Nah its not true, most down to earth people that are looking for a long time life partner know that looks are not permanent. People will grow old and "ugly" together, looks are not important for a long term successful relationship. Personality is, people only care about looks won't find that relationship, they might have lots of sex, short relationships and drama. Young people tend to go through a "looks matter" phase and then settle for more "ugly" down to earth guy that is father material. Mature women don't care about looks as much as you might think, that doesn't mean attraction isnt relevant.

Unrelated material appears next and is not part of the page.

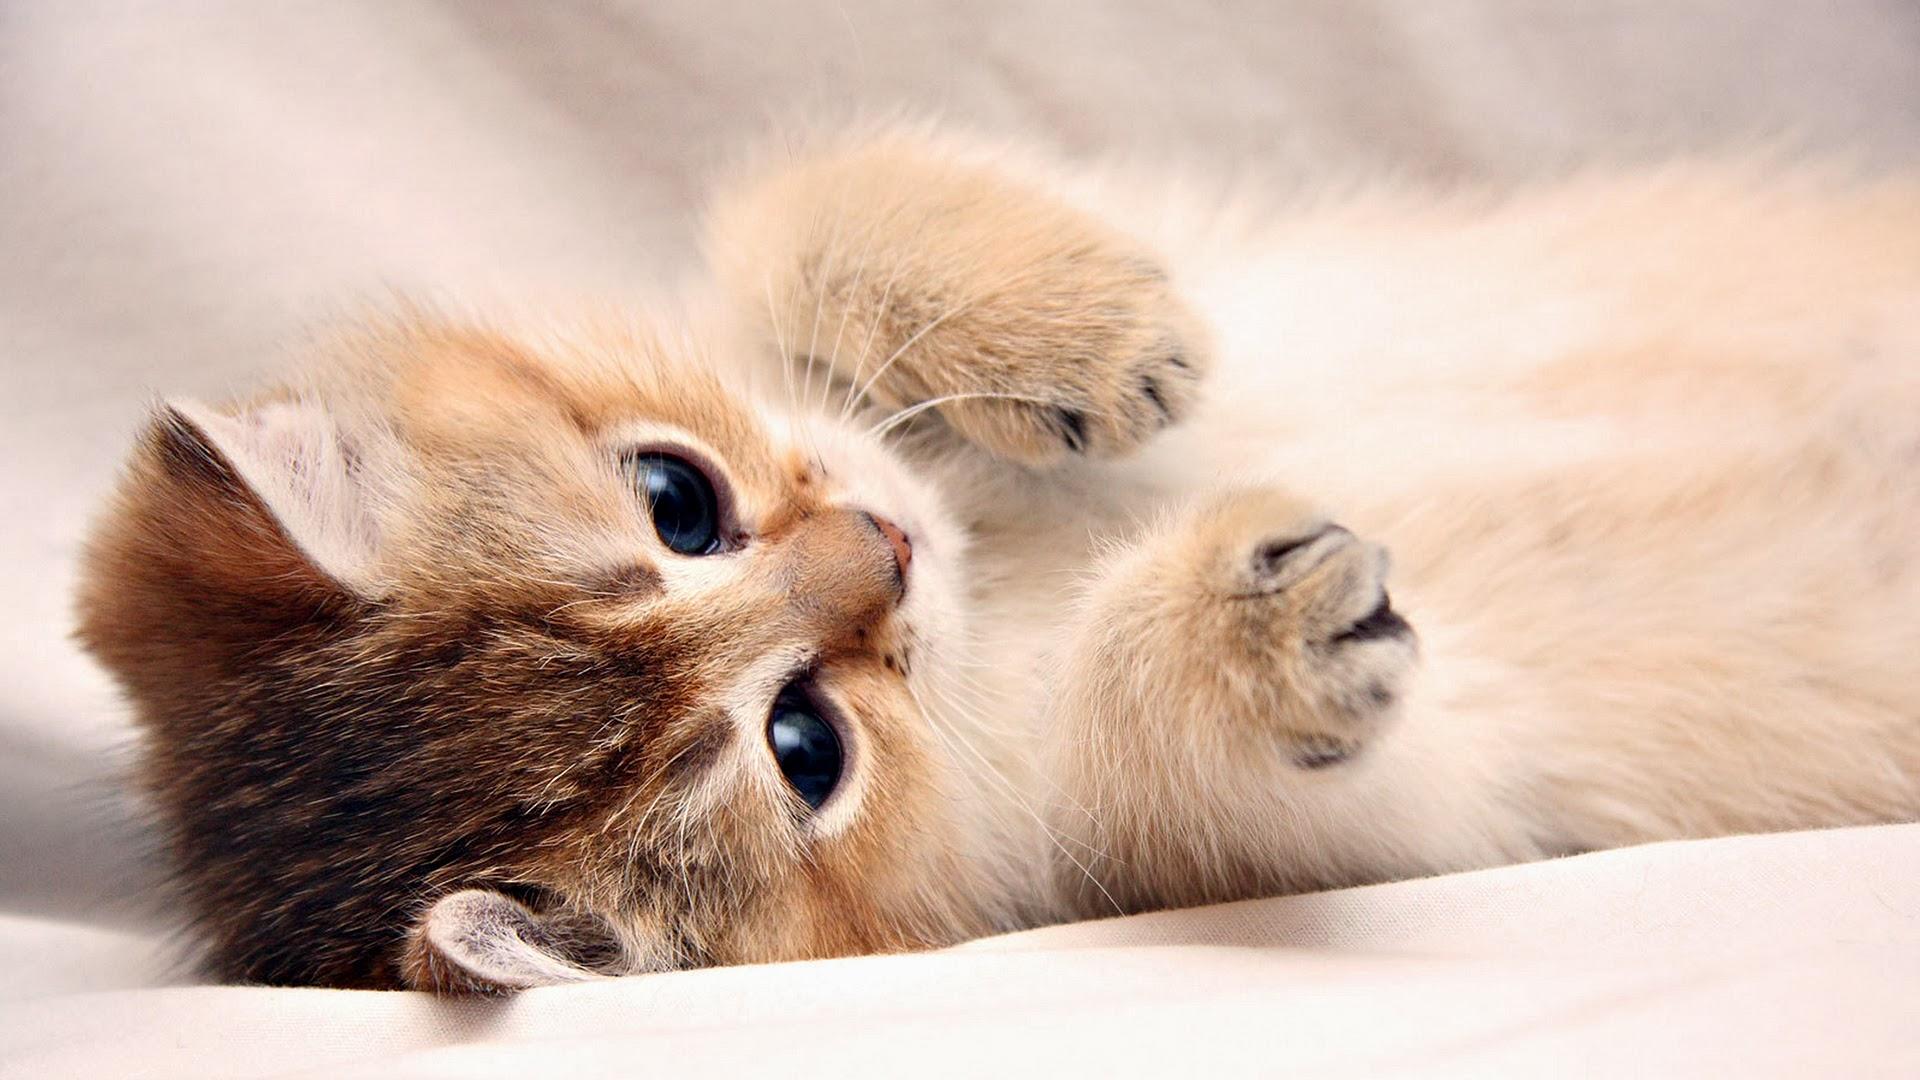 Cute Cat Wallpaper Hd Sf Wallpaper
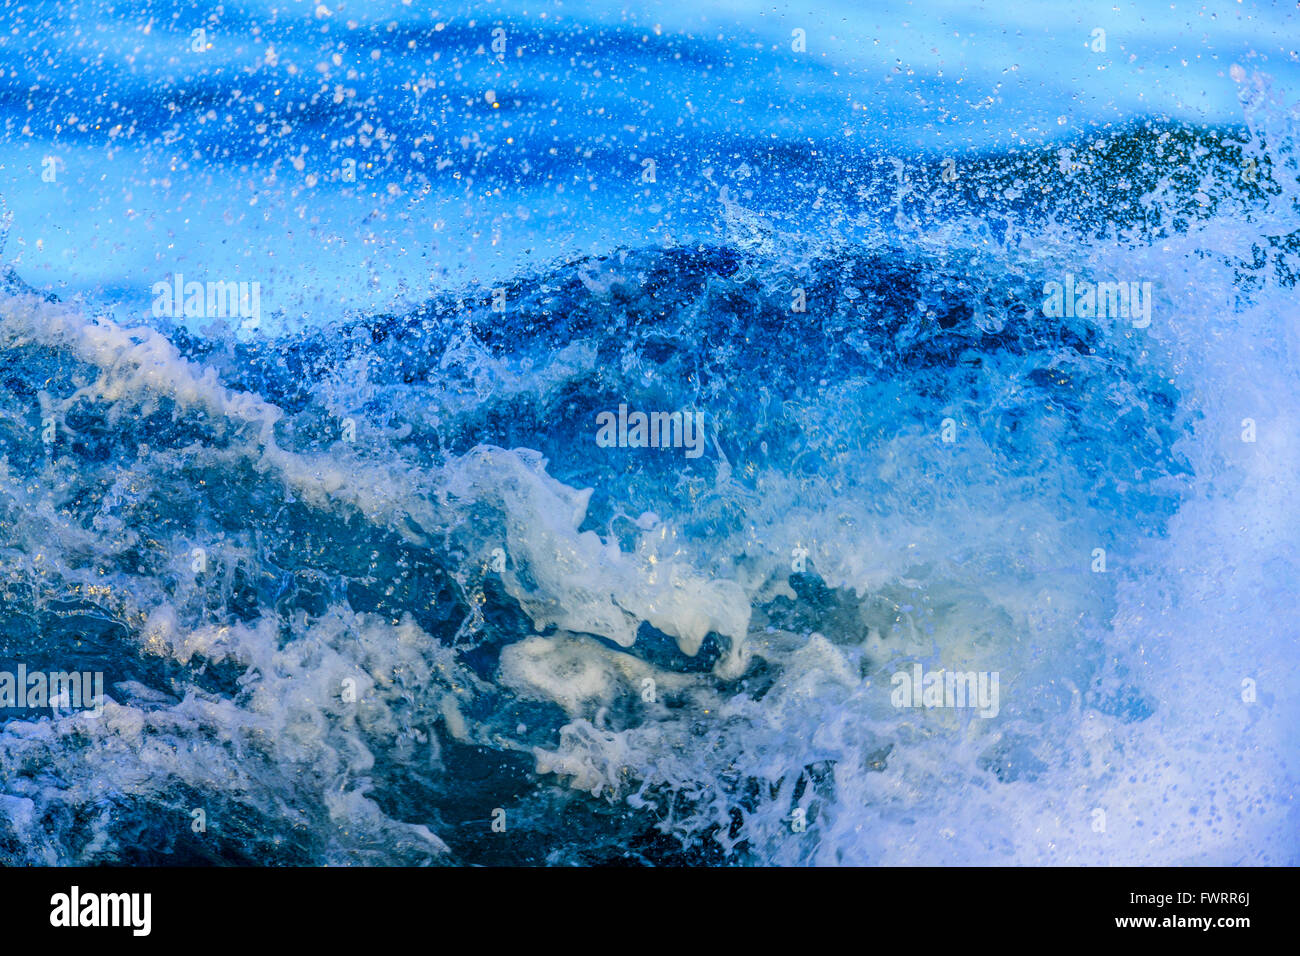 Las olas en la costa de Maui closeup Foto de stock

>>16746477 Get money when you're older and fuck young gold diggers. Or look for people that are not as sure of their attractiveness. Also some people have unconventional thoughts on what attractive is. You know what's not going to get you laid? Crying about it anonymously on a message board. At least do it to a female friend, they may pity fuck you.
>>16746422 >Girls my age (25) aren't settling for anyone other than 6 pack Brad.
The fact that you really, actually believe this garbage is the problem. You're looking for excuses. The problem is you.
Source: Married a man who was obese when we started dating. I liked his personality and we had the same interests. He is now a healthy weight. Would have stayed with him even if he hadn't done the work to get there.
Source 2: Am a woman and have had many female friends over the years. These experiences have led me to conclude that we are not shallow, brainless, soulless harpies.
>>16746497 Ehhhhh I'm against this premise, but evidence is anecdotal. Very sketchy anecdotal at that. Girls being friends with other girls doesn't make girls not shallow. They are just as capable of being shallow as anyone else though and I wouldn't say more so. But lonely virgin males are alot more common than the female counter part and that brings into focus the argument that this is something women are doing. Is it true? Probably not? People do what makes them happy no amount of whining is gonna stop negative behaviors that have no disadvantages to the perpetrator anyway. So what can you do.
On a side note can we legalize and destigmatize prostitution yet? I mean it's already the default state we're in. Everyone is promiscuous as fuck may as well make it advantageous for pretty girls to fuck average guys right?
>>16746510 I was quite skinny actually. 5'7" 125 lbs. He was glad when I went on the pill and grew myself an ass! Am now 145 because of that and adulthood. Still not fat. Still not shallow. Thanks for playing.
>>16746510 >>16746528 Also, must add: my formally obese husband asked me out. Which is something a lot of men with the "women only like rich fit Chads" excuse seem incapable of doing. If you don't really, truly put yourself out there, nothing will happen.
>>16746534 I'm not, but you are right that I need to relax. Having my half of the human race be portrayed as shallow and heartless is annoying and frustrating, and seeing any woman get the Token Internet Response of 'you must be fat' makes my blood boil.
I will concede that I am especially predisposed to not caring about the weight of other people. I was raised by my obese grandmother. She was the most amazing person I have ever known. So I guess that taught me, both consciously and unconsciously, not to care much about what someone looks like so much as who they are in their soul.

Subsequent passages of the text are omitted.